Are Big Tobacco and Big Food equals?

We’ve been posting an increasing number of law- and litigation-related items on Fat City. Whether that’s simply because legislatures are in session, or due to a busy new administration or several food movements reaching maturity I do not know.

The latest comes not from law but from academia, where Kelly Brownell and Kenneth Warner, Yale and Michigan professors respectively, argue that the food industry’s — they call it “Big Food” — products carry many of the same dangers that Big Tobacco did in the 1950s. Brownell and Warner are highly respected in the field of food science and thus their paper is getting major press and negative reaction.

The article reminds readers that in the 1950s, Big Tobacco released a paper and paid for it to be placed in hundreds of newspapers. The “Frank Statement to Cigarette Smokers” included the famous lines, “We

accept an interest in people’s heath as a basic responsibility… We

believe the products we make are not injurious to health.” Read the whole ad here. It’s basically one big lie after another.
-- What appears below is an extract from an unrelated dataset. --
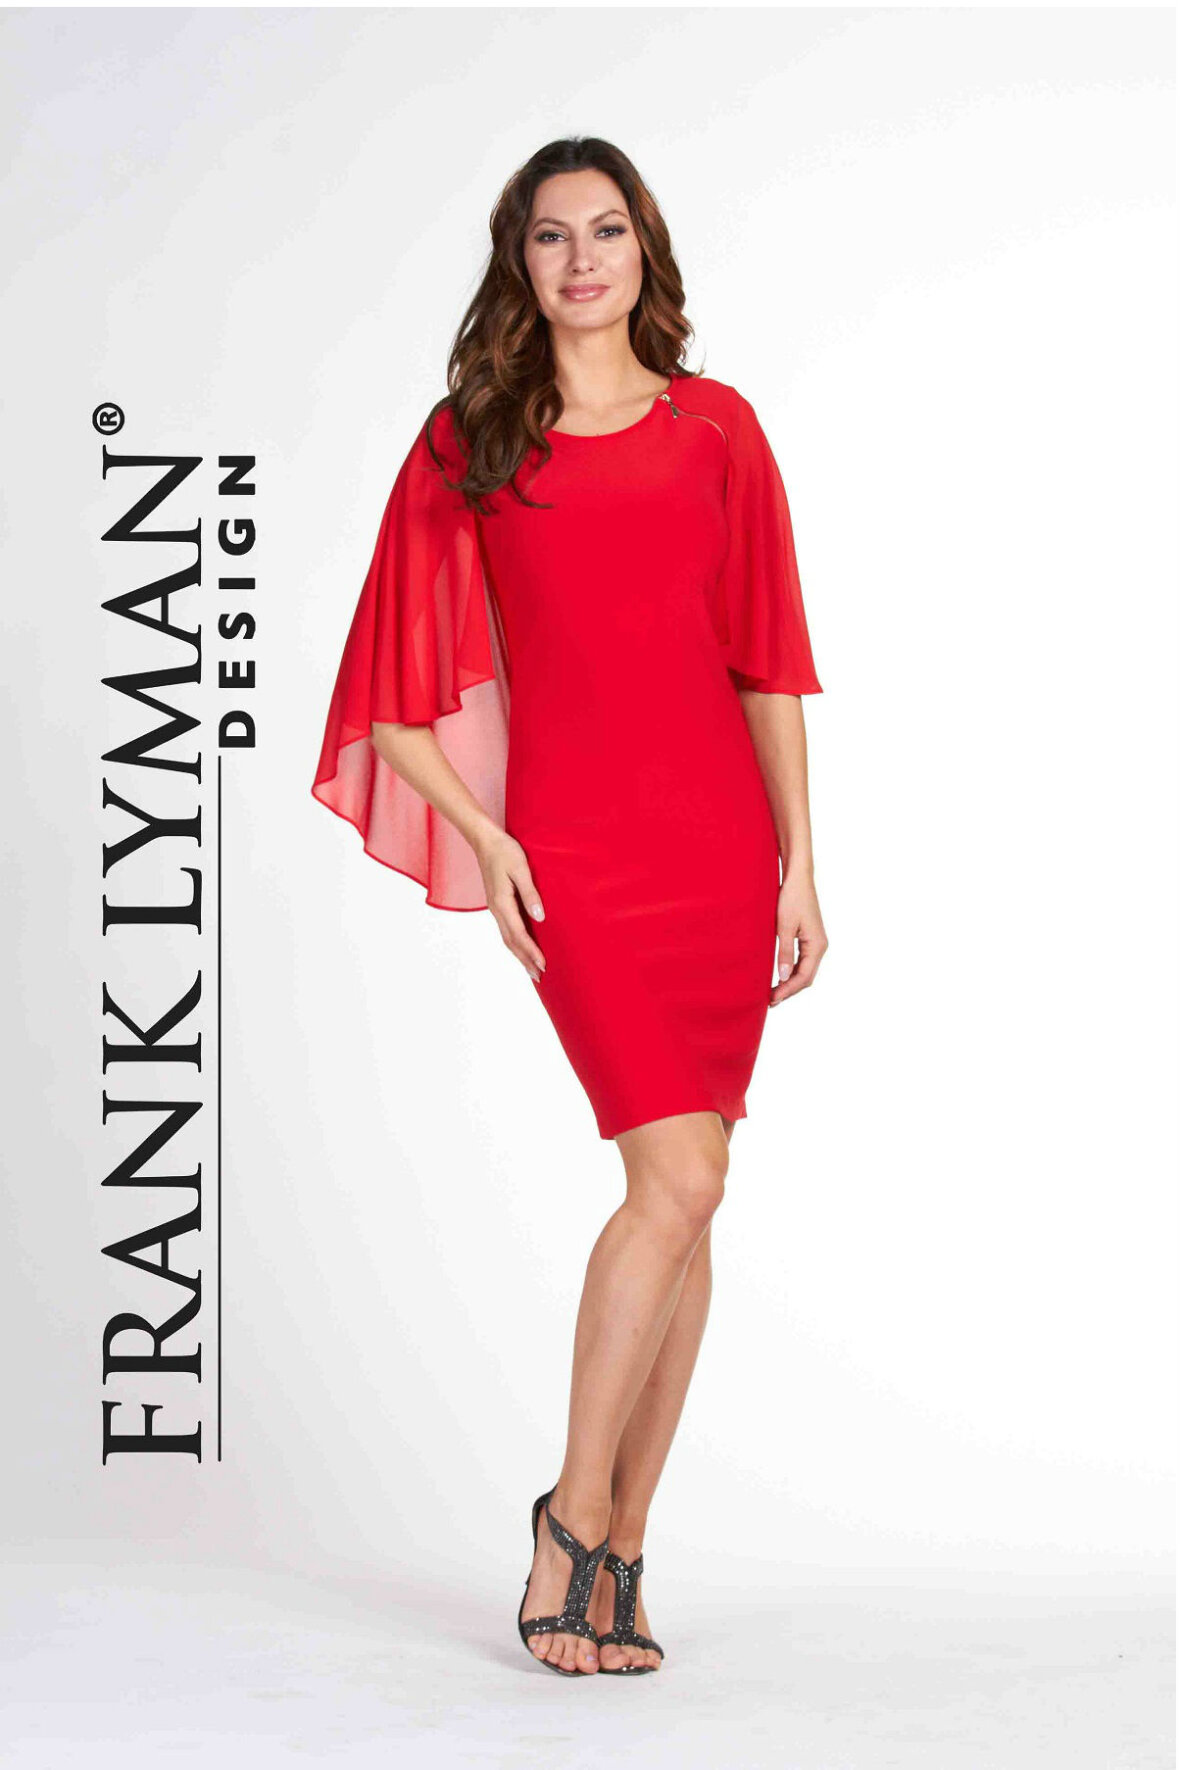 5d65752e Frank Lyman Red Choffon Cape Dress, rød kjole - Hos Lohse
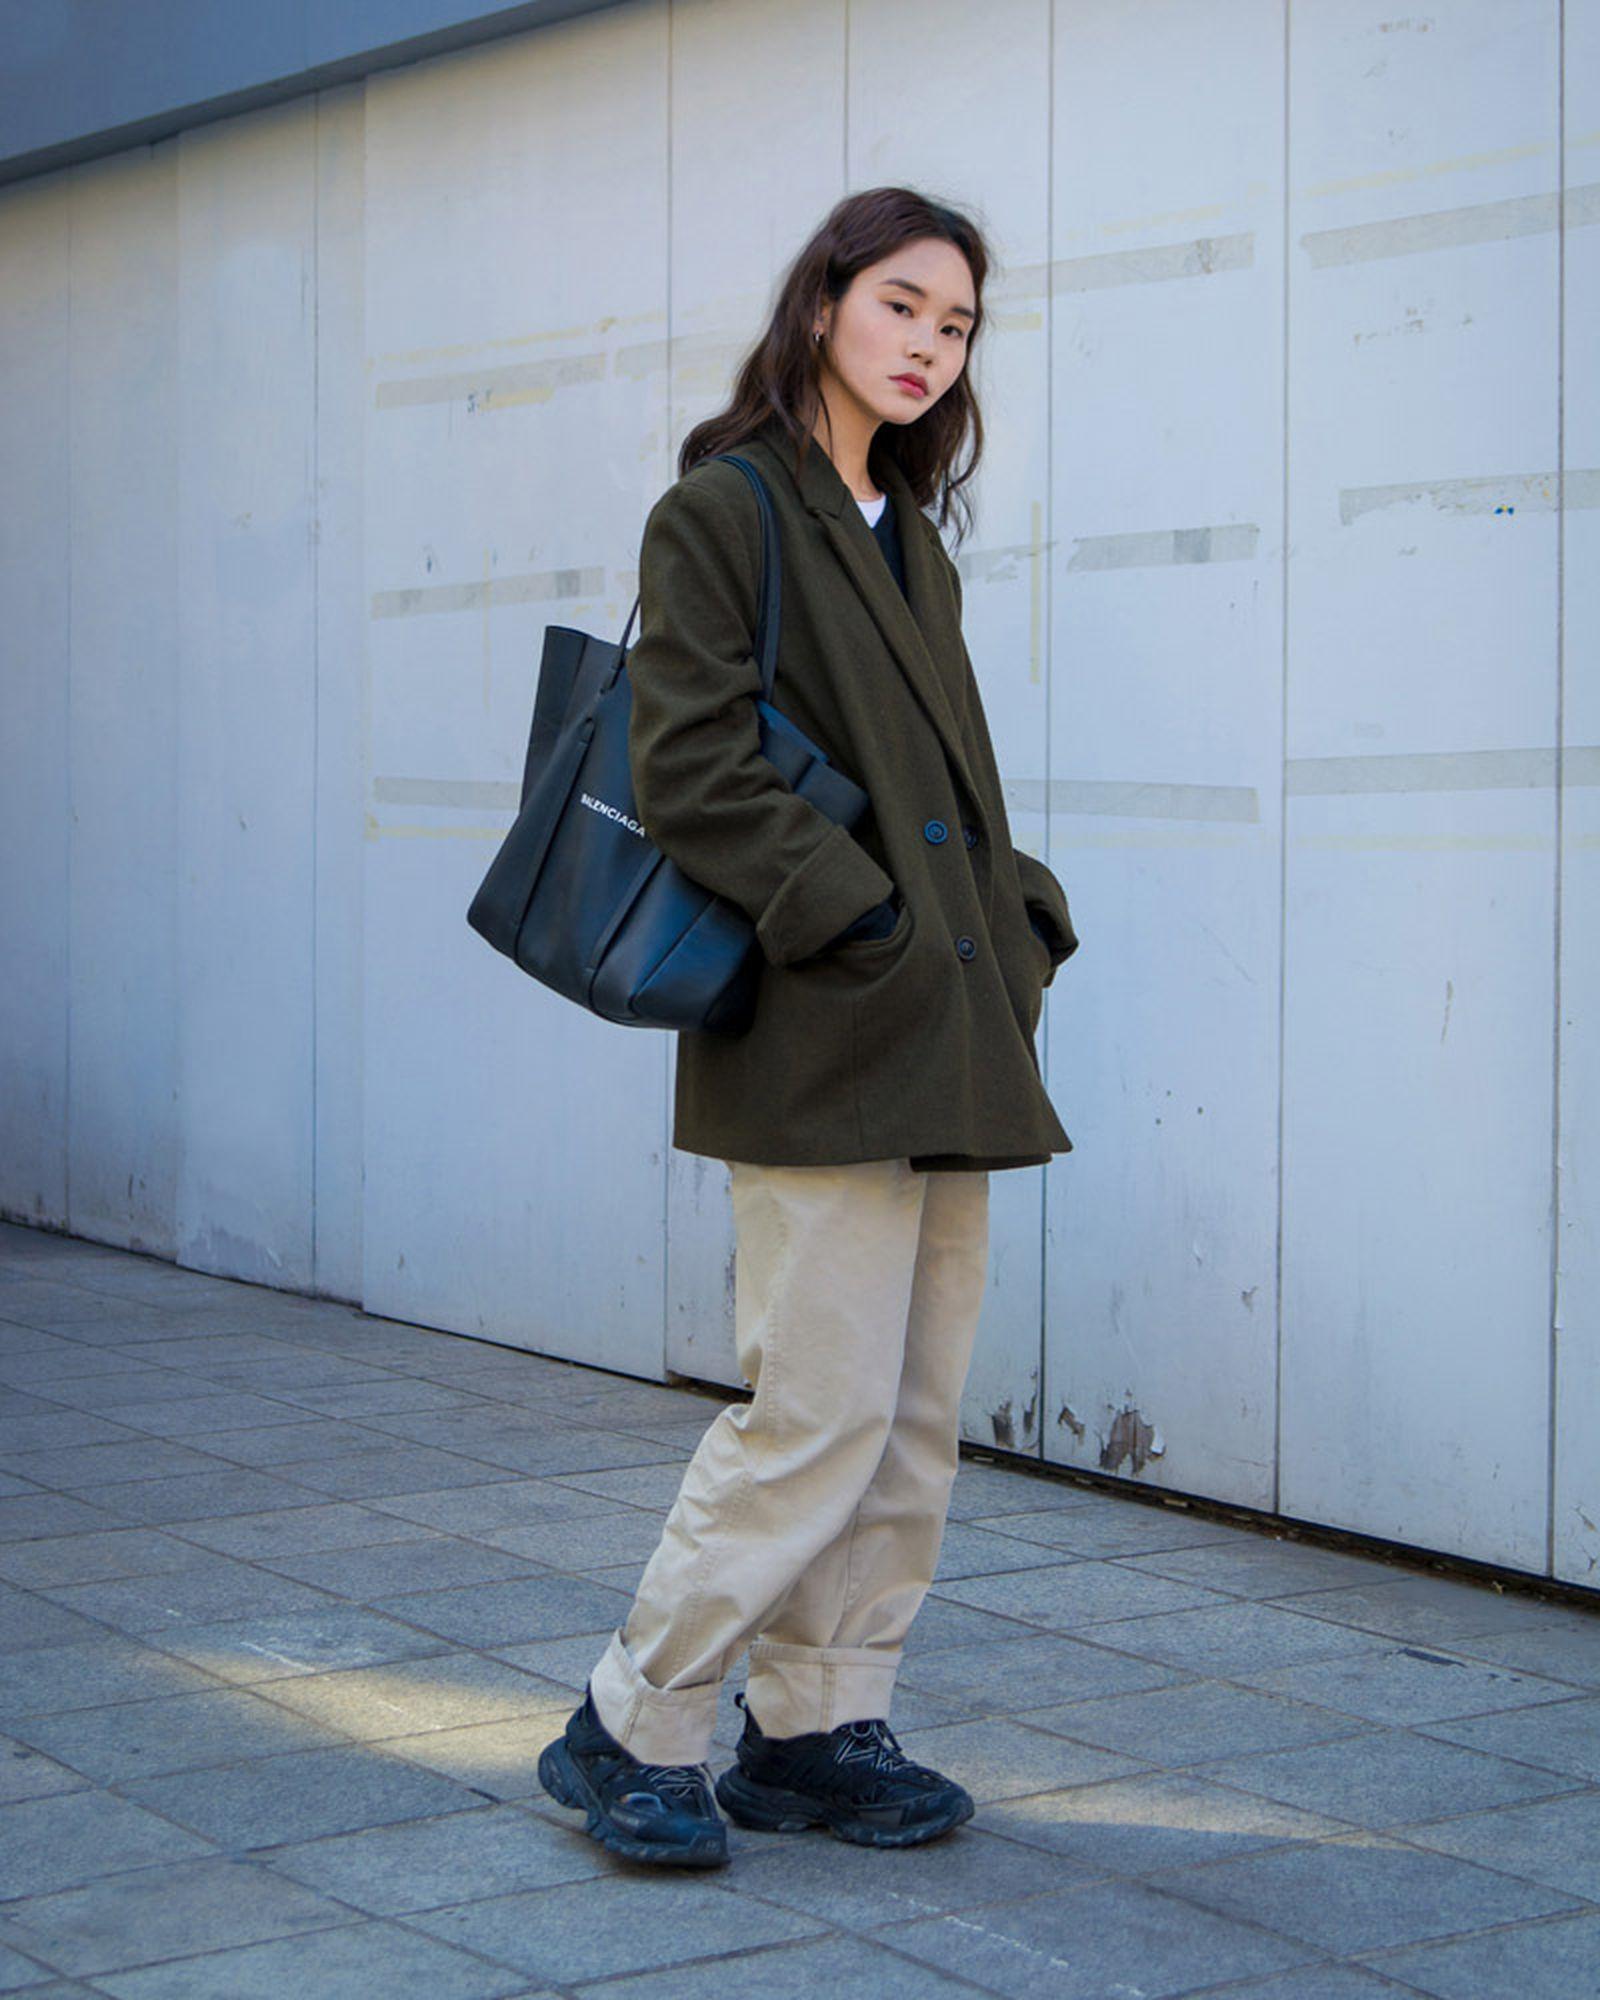 2019 Streetstyle Seoul April DanielLuna 09

Brownell and Warner write, “The basic premise was simple — smoking had not been proved to cause cancer. Not proven, not proven, not proven — this would be stated insistently and repeatedly. Inject a thin wedge of doubt, create controversy, never deviate from the prepared line. It was a simple plan and it worked.”

They suggest that food companies are taking a

similar route now that their products are under increasing attack.